Real-time Automatic Speech Recognition

Streaming transcription at a fraction of the cost

CAIMAN-ASR enables at-scale ASR, supporting over 1000 real-time streams within stringent latency budgets, reducing CapEx costs by as much as 90%. A single 1U server with one accelerator card running CAIMAN-ASR has the same throughput capacity as twenty unaccelerated servers.

Lowest end-to-end latency

CAIMAN-ASR leverages the parallel processing advantages of Achronix’s Speedster7t® FPGA, the power behind the accelerator cards, to achieve extremely low latency inference. This enables NLP workloads to be performed in a human-like response time for end-to-end conversational AI.

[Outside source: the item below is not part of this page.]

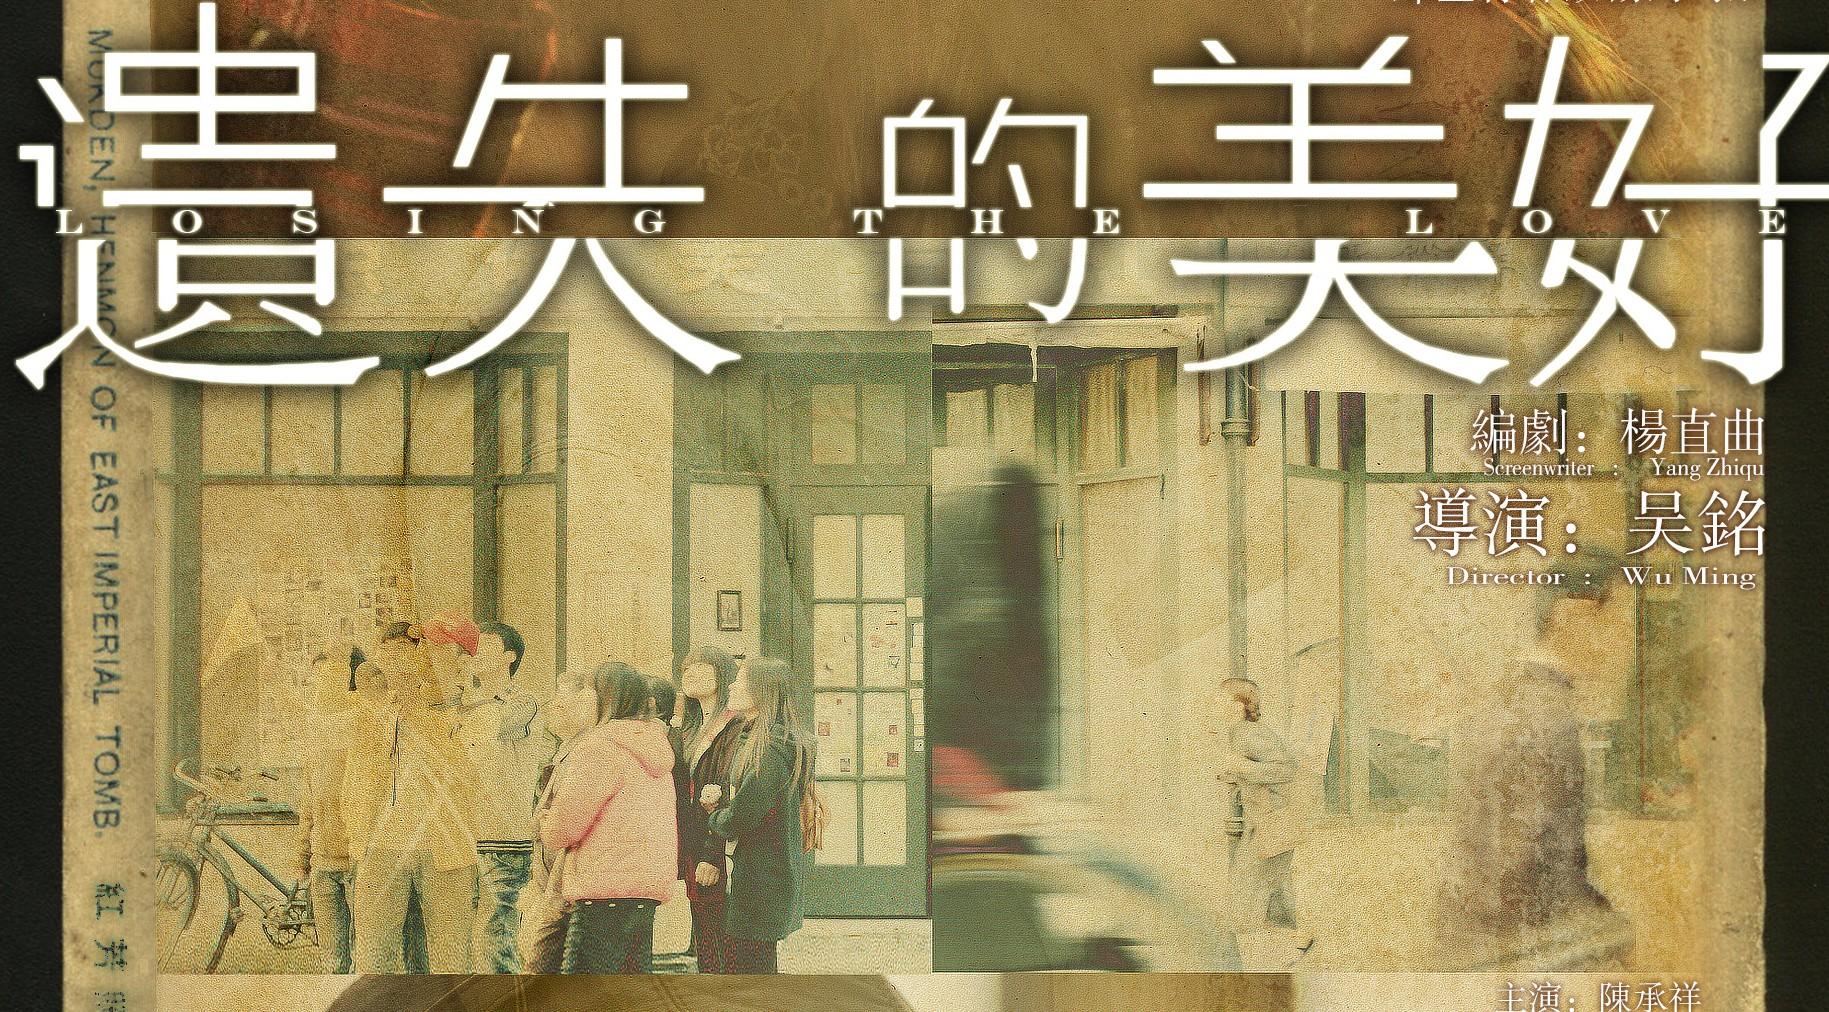 《遗失的美好》北京大学生电影节获奖作品

Simple to integrate into existing systems

The complete accelerator stack provided includes all the software required for the WebSocket and a WebSocket API to simplify the interface to existing service provisions.

Scale up rapidly & easily

CAIMAN-ASR runs on industry-standard PCIe accelerator cards, enabling existing racks to be upgraded quickly for up to 20x greater call capacity. The VectorPath® S7t-VG6 Accelerator Card from BittWare is available off-the-shelf today.

Efficient inference, at scale

CAIMAN-ASR uses as much as 90% less energy to process the same number of real-time streams as an unaccelerated solution, significantly reducing energy costs and enhancing ESG credentials.

Streaming transcription

CAIMAN-ASR is provided pre-trained for high quality English language transcription. For applications requiring specialist vocabularies or alternative languages, the neural model can easily be retrained with customers’ own large, bespoke datasets using the popular ML framework PyTorch.